- Cover art of Eagle #13 (January 1988)

Publication information
- Publisher: Crystal Comics; Apple Comics; American Mythology Productions
- Schedule: Monthly
- Format: Ongoing series
- Publication date: (Vol. 1): 1986–1989 (Vol. 2): 2016
- No. of issues: (Vol. 1): 23 (#1–16, Crystal; #17–23, Apple) (Vol. 2): 1

Creative team
- Created by: Neil Vokes and Rich Rankin
- Written by: Jack Herman; also Neil Vokes, Rich Rankin
- Artist(s): Neil Vokes and Rich Rankin

= Eagle (Richard Eagle) =

Eagle is a black-and-white indie comic book series which originated in 1986 by artists Neil Vokes and Rich Rankin.
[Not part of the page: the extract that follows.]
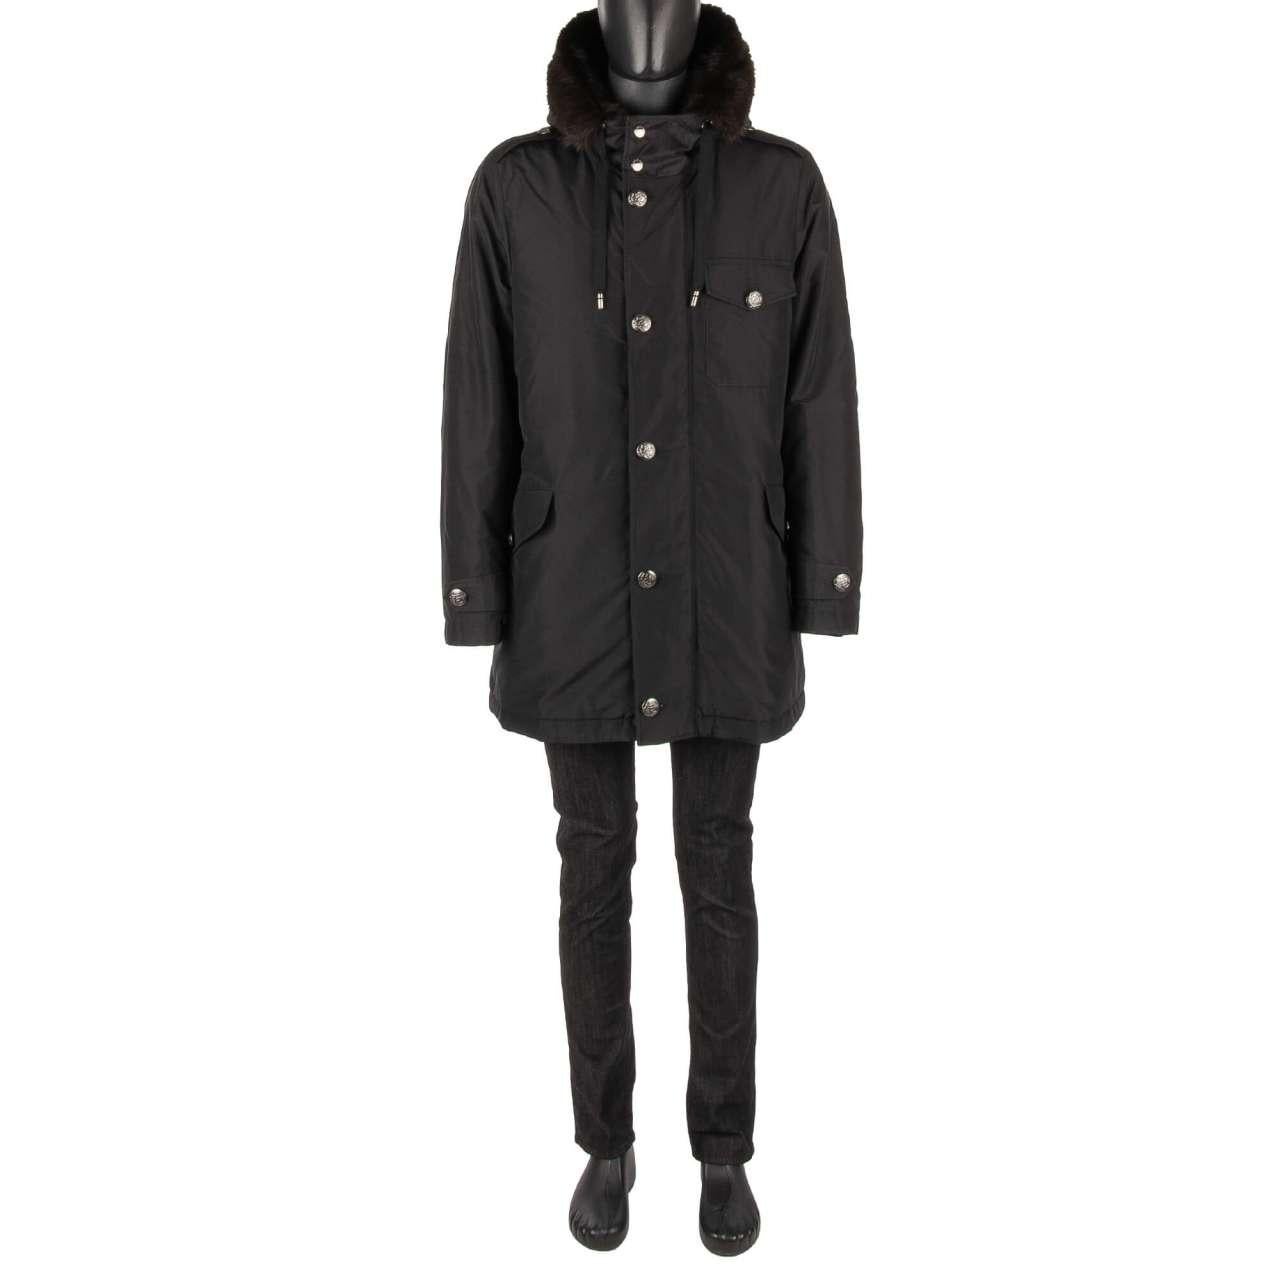 Dolce & Gabbana Silk Parka Jacket with Detachable Fur Lining and Hoody Black 48 For Sale 2

Most issues were written by Jack Herman, although some were written by Herman, Vokes and Rankin. It was originally published by its creators as Crystal Comics (Crystal Publications), then by Apple Comics. Initially the Eagle series ran for 23 issues, ending in 1989; the last 7 issues were published by Apple Comics. The series achieved a cult following. It was revived in 2016 by publisher American Mythology Productions and again features art by Vokes and writing by Herman.

==Summary==
Eagle chronicled the adventures of detective and vigilante Richard Eagle, a mystic and martial arts adept who wields a sword. Eagle resides in Crystal City on a futuristic Earth, inhabited by humans and non-humans (presumably extraterrestrials).